Using random forest models of A our previous global dataset and B our current study to predict cancer status in their own samples and C, D to predict cancer status in samples from the other study

These results repeat our previous findings that there appears to be a consistent, global pattern of changes in the faecal microbiome of CRC patients, and that if this is adequately catalogued, can be used to predict the cancer status of new samples.

Comparisons with other Indian datasets

There are a limited number of studies profiling Indian faecal microbiomes.
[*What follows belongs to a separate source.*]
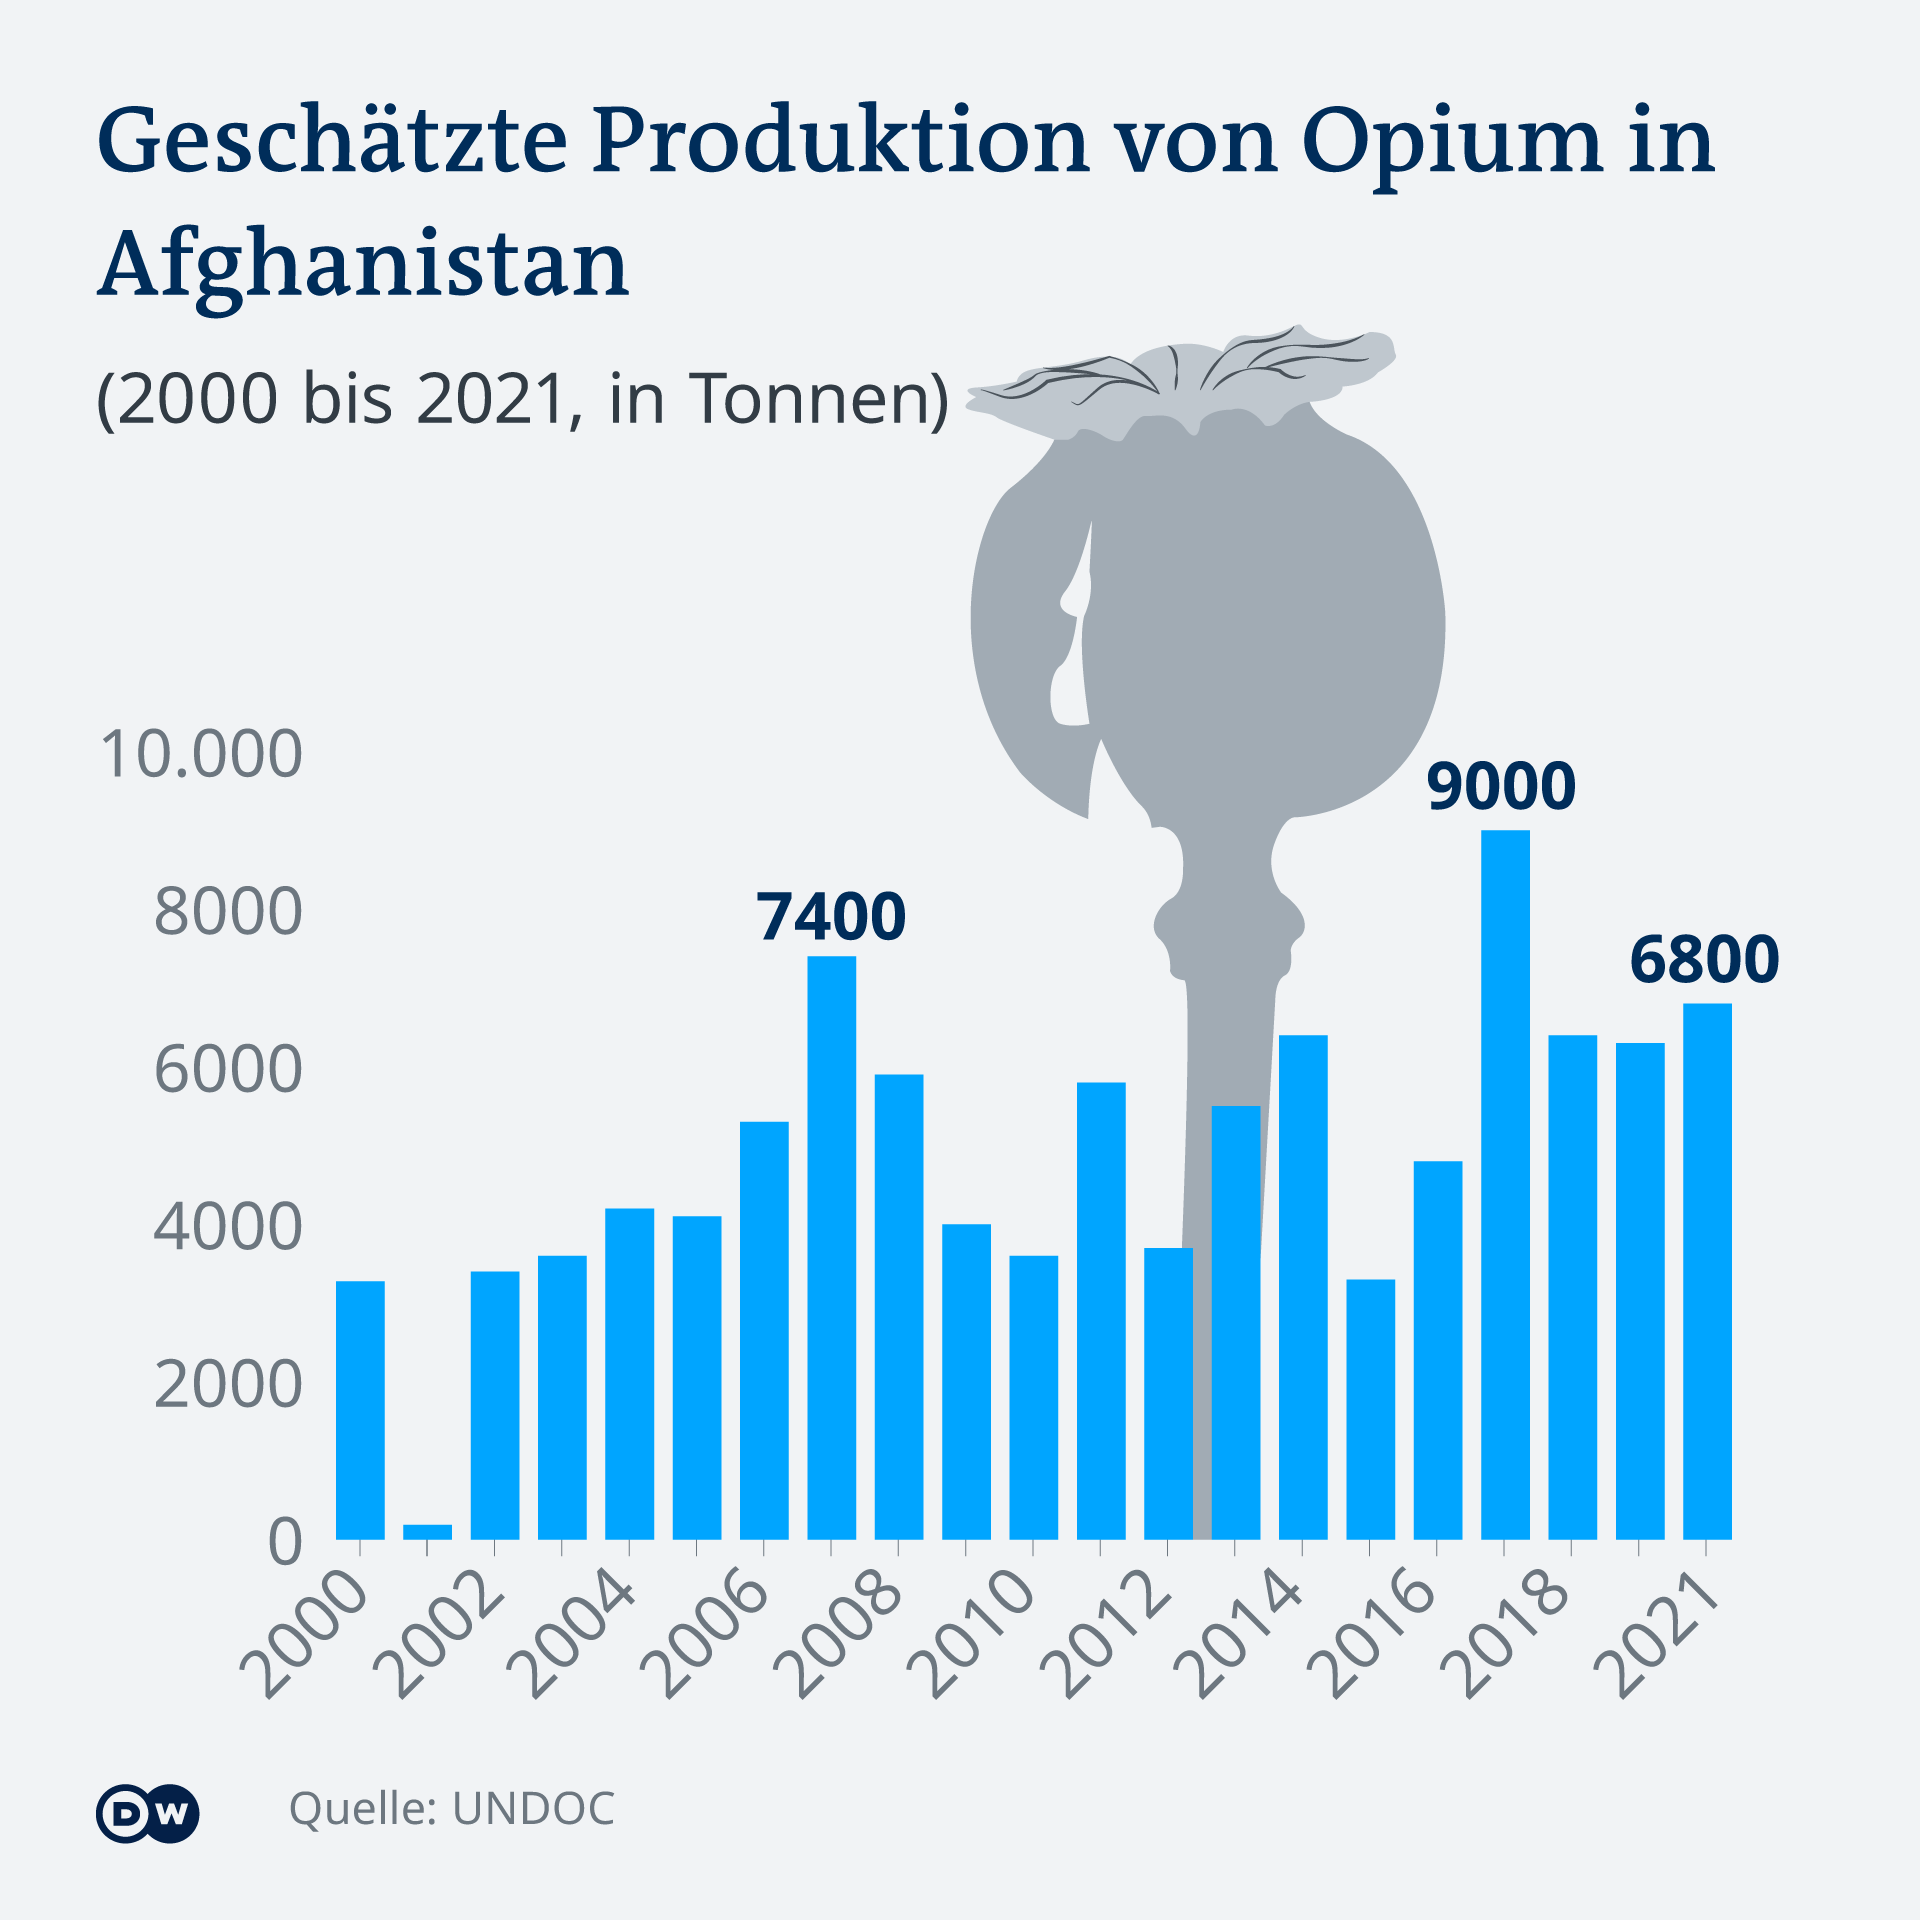 Proizvodnja opijuma u Afganistanu od 2000. do 2021. (u tonama)

We visually compared our data to three studies profiling healthy Indian healthy volunteers [9,10,11]. Whilst these studies had different aims, largely based on profiling the variation across India and between Indian and non-Indian populations, they were all characterised by the dominance of Prevotella amongst a large proportion of their samples, as we observed in both our healthy volunteers and cancer patients.

We were only aware of one other study comparing the microbiomes of CRC patients to healthy volunteers in Indian samples, based on individuals from Bhopal and Kerala [29].

First, we compared the alpha diversity of CRC and volunteer samples of the Gupta metagenomic dataset, both in the original species calls, and converted into genus calls, to match our 16S genus calls.

Both the species and genus calls of the Gupta dataset repeated the observation in our data that CRC alpha diversity was significantly higher than volunteer samples, compared to CRC diversity being lower in more commonly studied countries. This is displayed in Fig. 5. We are unable to ascertain if the higher diversity in our dataset compared to the Gupta cohort is a technical artefact of sequencing strategy, or a real, geographical difference.

Fig. 5
figure 5

Shannon index alpha diversity of the Indian samples from our cohorts (India combined), and the genus and species level calls of the Gupta et al. dataset. Mann–Whitney p-values are displayed above each CRC/control comparison

We then compared the CRC and healthy volunteer taxa in both groups of samples.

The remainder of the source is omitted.